Mahathir Is Ramping Up Pressure on Malaysian Bonds
(Bloomberg) -- Mahathir Mohamad’s return may spell more pressure on Malaysia’s beleaguered bond market - almost a decade of efforts spent narrowing a fiscal deficit is at risk just when capital is flowing out of emerging markets.
Already reeling from the impact of a stronger dollar and higher U.S. Treasury yields, ringgit sovereign securities may face a further blow as newly-elected Prime Minister Mahathir presses ahead with a plan to scrap a consumption tax and reinstate fuel subsidies. Bond investors and rating companies are worried that may hurt efforts to narrow a persistent budget shortfall.
“Deterioration in fiscal conditions can be offset by removing or reducing infrastructure projects, but this eats into growth prospects, so the new administration will need to outline early how it intends to balance these competing outcomes,” said Dwyfor Evans, the Hong Kong-based head of Asia-Pacific macro strategy at State Street Global Markets. “We would expect some nervousness in the government bond market pending clarity on this.”
Even before the surprising outcome of last week’s election, foreign holdings of government securities fell to a five-month low in April. The benchmark 10-year yield has risen more than 20 basis points this year as demand for risk assets took a hit after Treasury yields crossed the key 3 percent mark. In contrast, stocks have risen since the historic win by an opposition coalition, bolstered by gains in consumer shares.
The Finance Ministry said Wednesday the consumption tax rate will be revised to 0 percent from 6 percent effective June 1, according to an e-mailed statement.
Malaysia has run a fiscal deficit since 1998 but managed to narrow the shortfall in each of the last eight years. The gap shrunk to 3 percent of gross domestic product in 2017, helped by the goods and services tax and higher oil prices for the crude exporter.
“We were positioned broadly neutral heading into the election, and intend to maintain this stance until we hear more clarity on the new government policy,” said Edward Ng, a fixed-income portfolio manager in Singapore at Nikko Asset Management Ltd., which oversaw about $212 billion at the end of December. “We will be looking closely at details on how the government intends to bring in the extra revenue to fund the proposed GST abolition.”
Fitch Ratings and Moody’s Investors Service have warned the proposed reforms will be viewed as credit negative if implemented without offsetting measures, with the finance ministry previously estimating that the GST contributed to about one-fifth of income.
Others such as Bank of America believe the risks are overstated as higher oil revenues and the reintroduction of a sales tax will cushion the impact.
The Pakatan Harapan coalition has sought to allay investor fears.

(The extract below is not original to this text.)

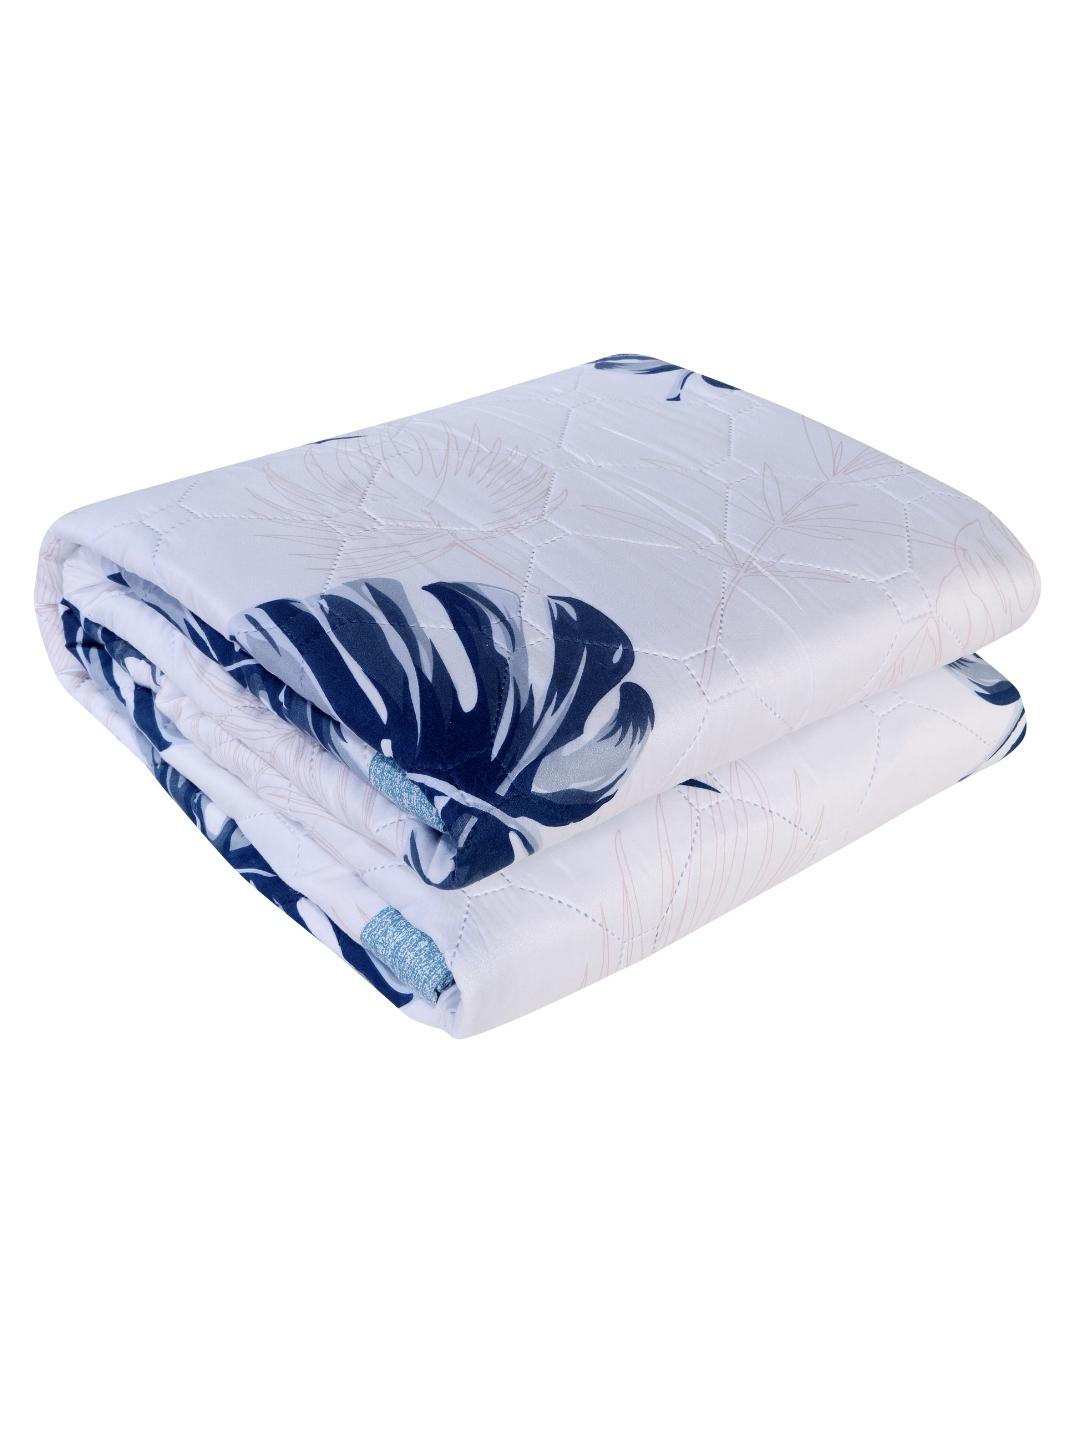 Floral Print Double Bed Light Weight Comforter-Blue and Multicolor

Daim Zainuddin, a former finance minister and member of a government economic council, said the debt level won’t rise without the GST. In its election manifesto, the coalition had proposed setting up a sovereign wealth fund using profits from state-owned oil company Petroliam Nasional Bhd., a move that may help mitigate any shortfall in revenue.
Malaysia can meet its revenue requirements by increasing the public sector’s efficiency and seeking new sources of income, Zeti Akhtar Aziz, a former central bank governor and a member of the advisory team, told state news agency Bernama. She held briefings with the three main rating companies on Monday to provide clarity on policy direction.
The selldown in global emerging market assets has extended as the 10-year Treasury yield rose to its highest since 2011 on Tuesday, with investors including Goldman Sachs Asset Management expecting it to climb further.
There is the potential for more uncertainty. Mahathir, who imposed capital controls during the Asian financial crisis, said Tuesday he will not allow “fiddling” in the currency market, and his finance minister will need to be cleared of corruption charges before taking office.
For Western Asset Management Co., the uncertainty is just the latest in a list of reasons why it’s wary of Malaysian securities. Concern about the adequacy of the nation’s foreign-exchange reserves and a scandal centered on state fund 1MDB have curbed the appeal.
“For some time, Malaysia’s fundamentals have been in a slow and steady decline,” said Desmond Soon, Singapore-based head of investment management for Asia ex-Japan at Western Asset. “There are other opportunities in the region which are backed by better fiscal and governance conditions.”
Markets have been volatile after the election, with the ringgit, bonds and stocks rebounding from early losses Monday. Local pension funds have been supportive of the assets, according to Oanda Corp. Other than saying that bond markets saw a “strong recovery,” the central bank didn’t elaborate.
The Financial Markets Committee, which is tasked with developing strategies for Malaysia’s bond and currency markets, said Tuesday the authorities will take measures to address any volatility and onshore markets are expected to remain stable and orderly.
Other investors are more sanguine. For BNP Paribas Asset Management, concerns about the election result may be tempered by the nation’s established economic policies.
“The main thing to watch ahead is how the new government articulates its fiscal policy plans,” said Jean-Charles Sambor, the firm’s London-based deputy head of emerging-market fixed-income. “What remains is will Mahathir alter spending and taxes, what will he propose on infrastructure projects, and how that shapes the country’s growth and debt trajectory.”